Bedding for coup and run

Discussion in 'Coop & Run - Design, Construction, & Maintenance' started by Thenry, Nov 8, 2016.

  1. Thenry

    Thenry Hatching

    Oct 24, 2016
    Good Morning! We are new to raising chickens. We have 1 rooster and 3 hens. They have an indoor coup with 8 nesting boxes as well as another area they all tend to group together to sleep in. They also have a fenced in run that is connected to their coup. My question is we have used straw (hay) inside their coup. When they poop, which is quite a bit in there it is very hard to clean it out. I am using a childs sized rake to try to scoop it up. There outside run is just dirt. I will use a garden rake to clean this area out. Does anyone have any suggestions of what to use to make this chore a little easier. Their coup is a shed so I am not able to move it. Thanks!

  2. Pork Pie Ken

    Pork Pie Ken Flockless Premium Member

    Jan 30, 2015
    Africa - near the equator
    Personally i use 6" or so of dry grass clippings and leaves. I simply rake the bedding over every day. I only change the bedding either when it begins to smell (not happened so far) or after every 6 months. I add clippings to the bedding every now and again. You can search for "deep litter" in the search box to see other alternatives.
  3. Howard E

    Howard E Songster

    Feb 18, 2016
    Can you provide a picture of the coop? And approximately where you are located?

    As described, I'd l suggest leaving the hay where it is and covering it with several inches of coarse pine shavings, leaves, pine needles or all of the above. It will all get mixed together.

    Put hay like what you have in the run. Start with about 6 inches or so and plan on adding to it now and then.

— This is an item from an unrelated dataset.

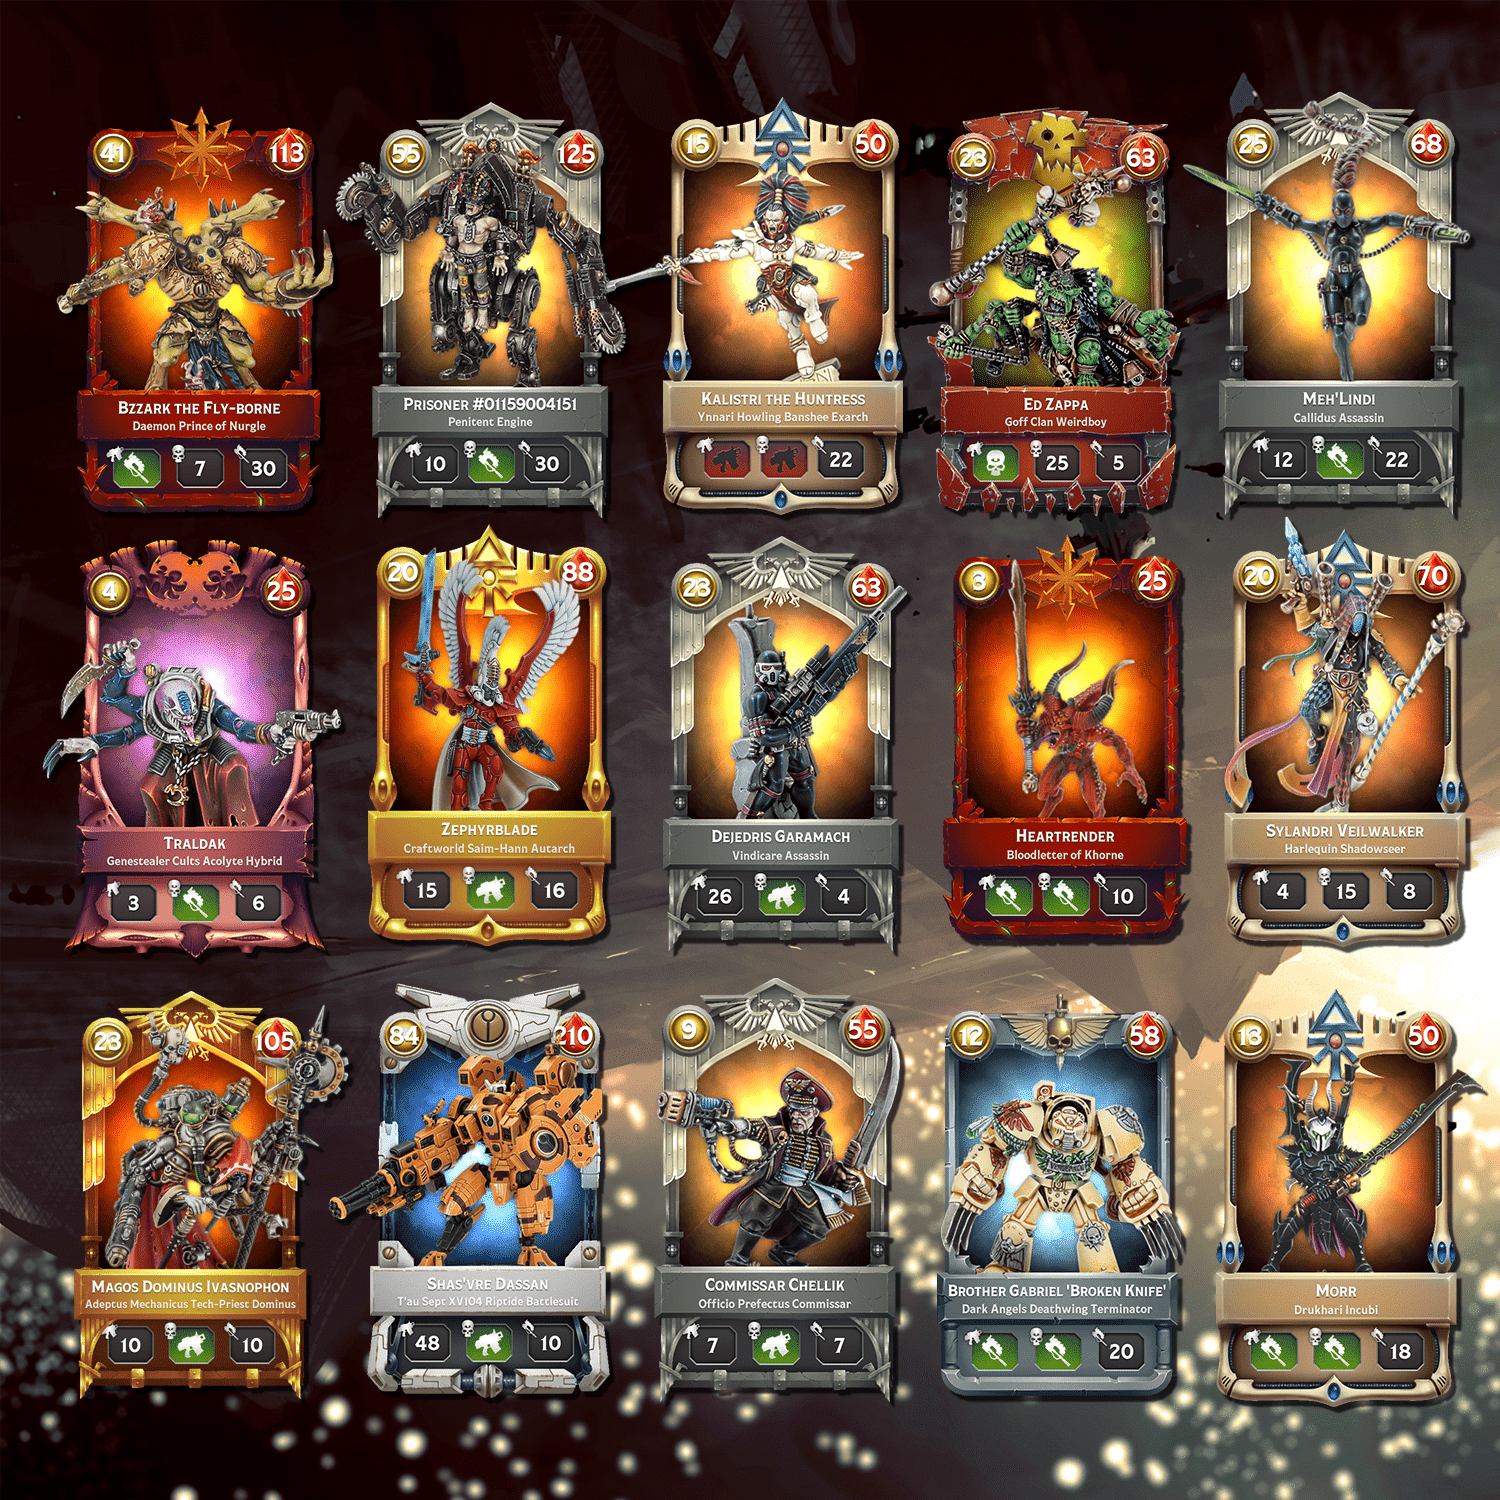 Warhammer cards. Warhammer Combat Cards. Warhammer 40000 Combat Cards колоды. Warhammer Combat Cards 40k Edition. Warhammer Combat Cards - 40k.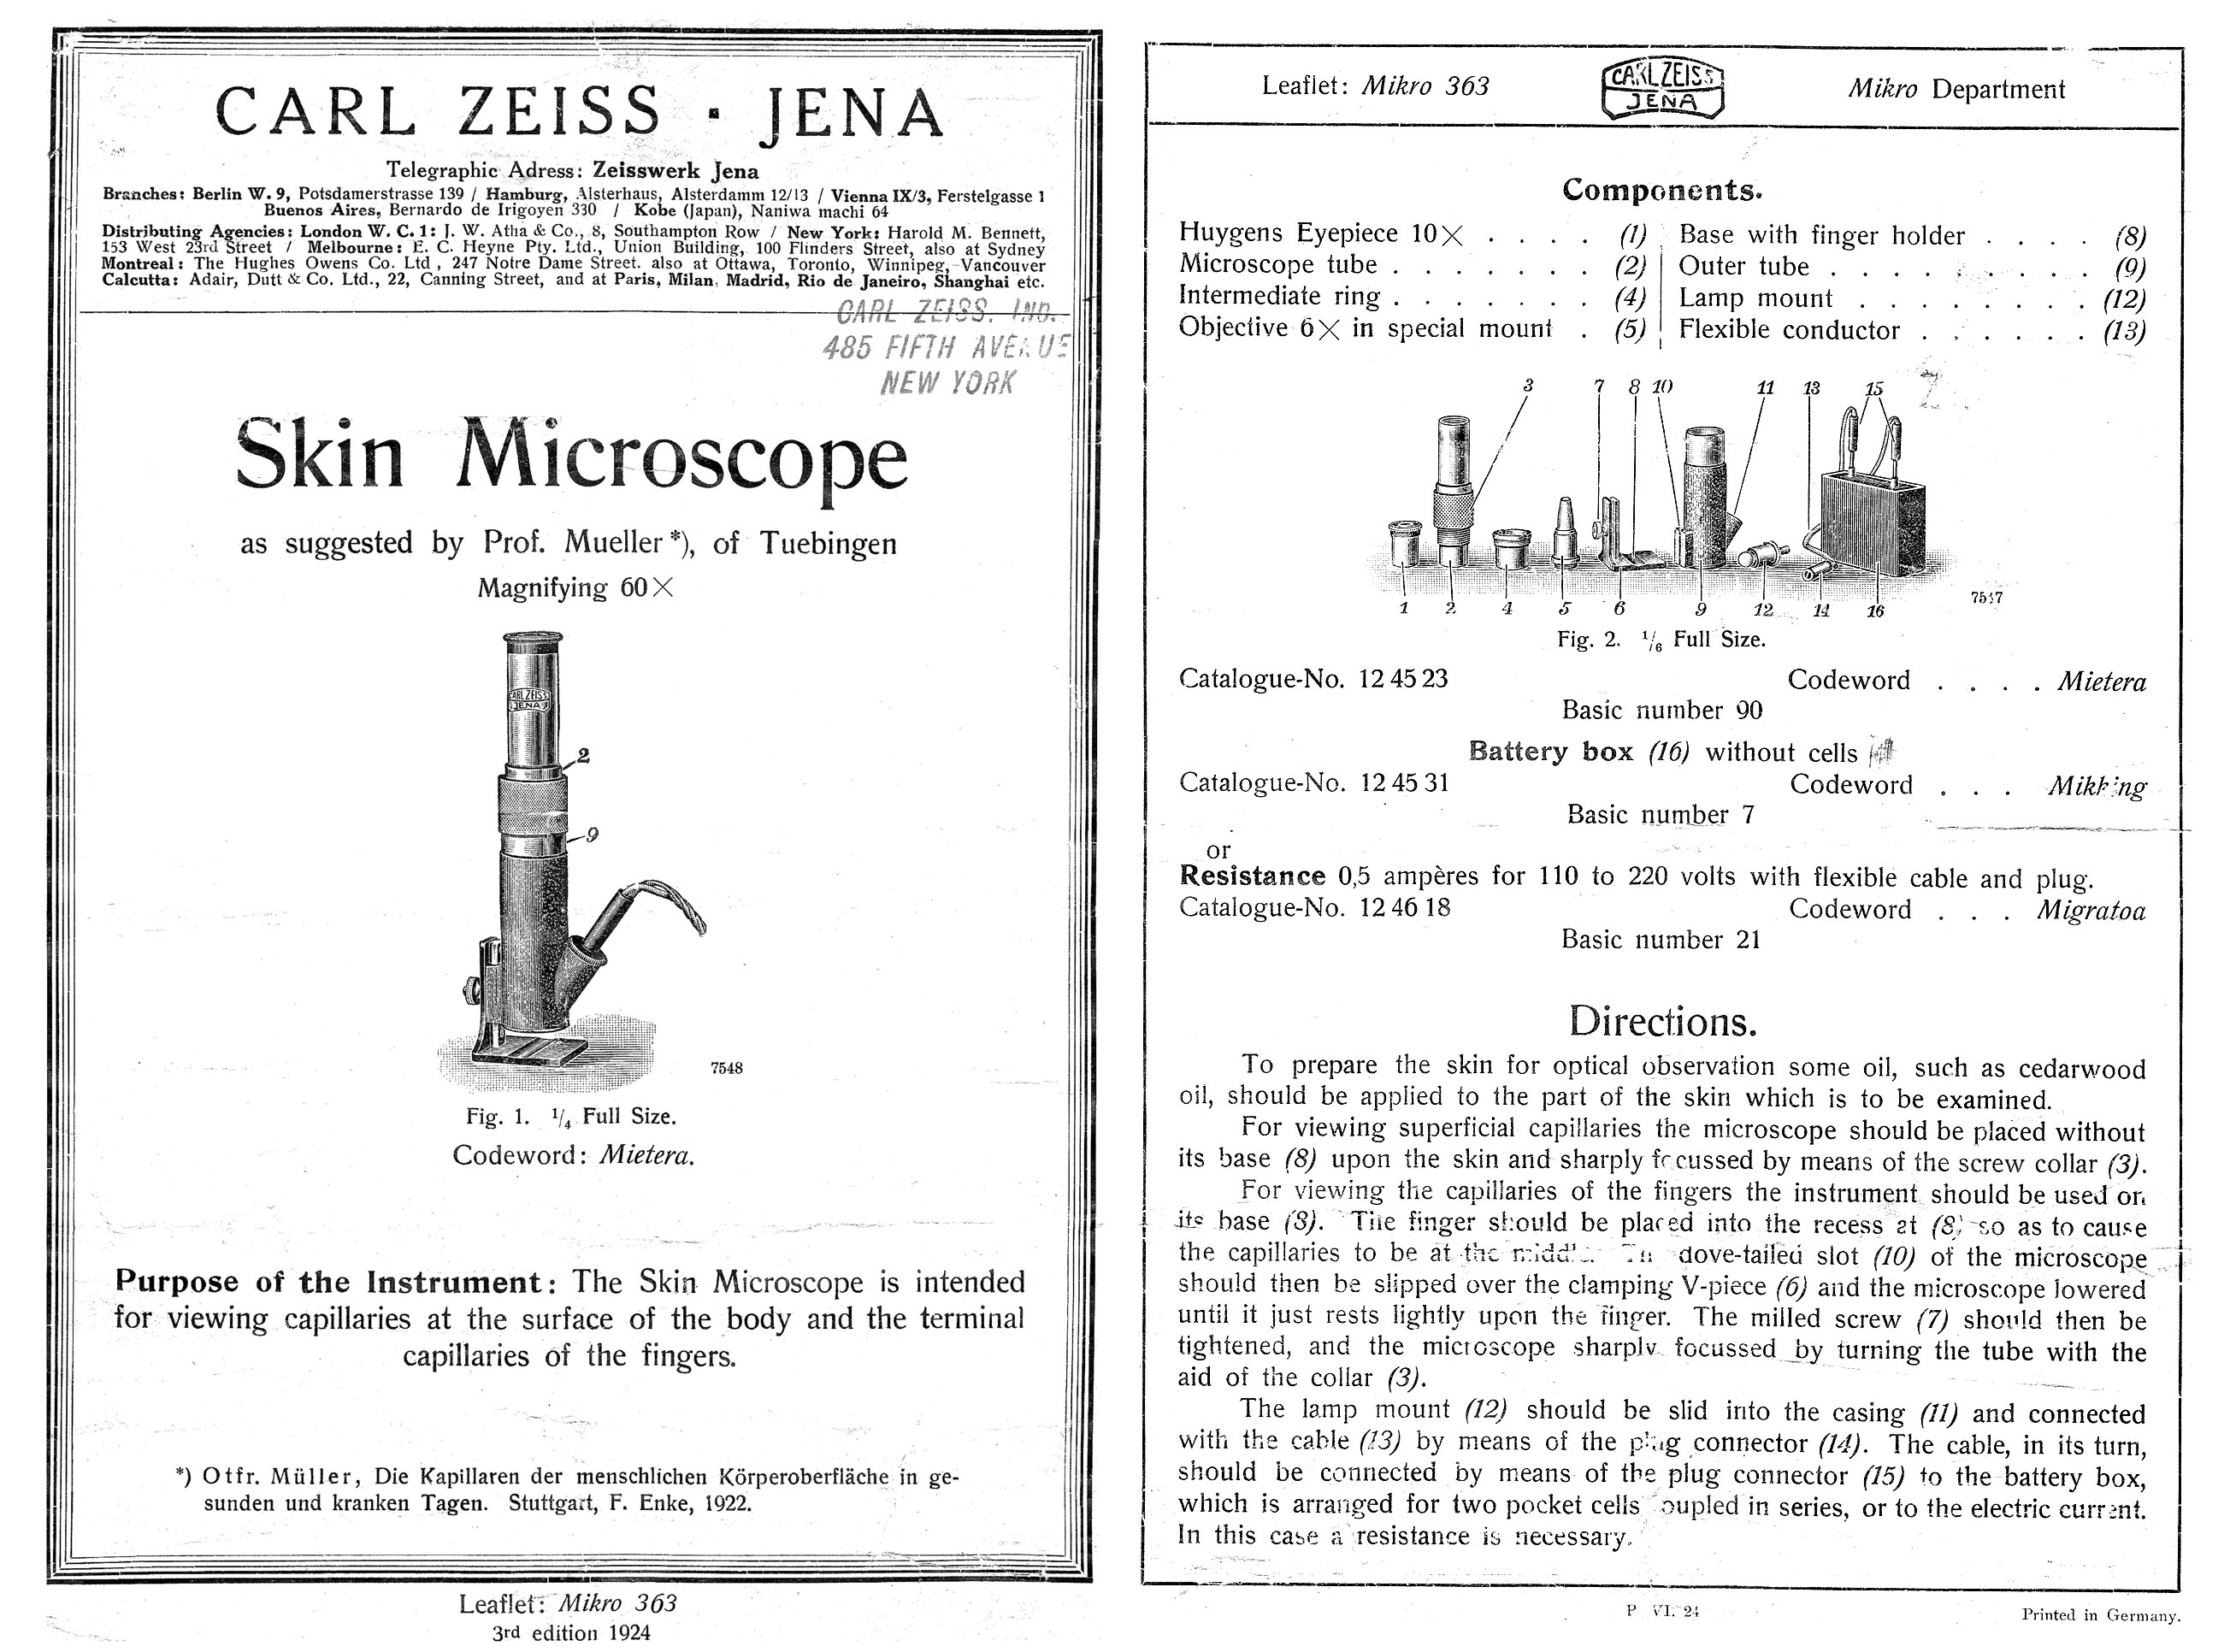 1924 Zeiss Leaflet for Muller Skin Microscope

    Litter works more or less like a baby's diaper, serving the same purpose. The deeper it is the less often you have to change it or even work it.
  4. donrae

    donrae Hopelessly Addicted Premium Member

    Jun 18, 2010
    Southern Oregon

    Do a forum search for poop board. Basically, a slanted board you set up under the roost. A lot of the poop happens when they sleep, so that's a heavily soiled area. If you can set up a board there, it's easy enough to scrape it off every day or so, to keep things cleaner.

    I'd also research deep litter or deep bedding. Lots of us go that route, it's lower maintenance and doesn't require daily cleaning. Does depend on the size of the coop, though.
  5. aart

    aart Chicken Juggler! Premium Member

    Nov 27, 2012
    SW Michigan
    My Coop

  6. Ridgerunner

    Ridgerunner Free Ranging

    Feb 2, 2009
    Southeast Louisiana
    3 hens and 8 nesting boxes? It would be interesting to see photos of your set-up and know dimensions of the coop and run. It sounds like you inherited something and that it is plenty big which is great. Modifying your profile to show your general area so we better understand climate can help too. It might help a little with the responses. Welcome to the forum, by the way. :frow

    Some people try to keep the coop and/or run pristine, cleaning daily. A lot of us don’t. We find it’s just not necessary. As long as the poop is dry it won’t hurt anything. Wet poop on the other hand will stink to high heaven and can lead to disease. The moisture can come from outside, from a leaking waterer, or if the poop builds up thick it won’t dry out. The poop will come from your chickens, but if your facilities are of any size with only four chickens that poop will be spread out enough during the day it shouldn’t be a problem. But they also poop a lot at night and they are not moving around, so it can build up. That’s where droppings boards and raking can come in handy, if it’s thick enough to be a problem.

    You’ll find that we use all kinds of things for bedding: straw, hay, wood shavings, wood chips, sand, or bare dirt. In the right circumstances any of them can work. I use wood shavings in the coop and bare dirt in the run. In my climate and the way I manage them, this works for me. There is no one way that is right for everyone where every other way is wrong. It’s what works for us with our unique set-up, flock, and management techniques.

    If the coop or run is stinking with a strong ammonia smell, yes you need to do something. But if all you get is an earthy smell the chickens’ health is not compromised and you really don’t have to work hard to solve a problem that doesn’t exist.
    Last edited: Nov 9, 2016
  7. Finnie

    Finnie Crowing

    Oct 27, 2014
  8. Mahlzeit

    Mahlzeit Songster

    Jul 16, 2007
    Long Island NY
    I use dried/dead leaves in my coop. It works great. I also use a poop board underneath their roosting area which really helps with the mess. They will poop all night long while roosting so that will be the most heavily soiled area.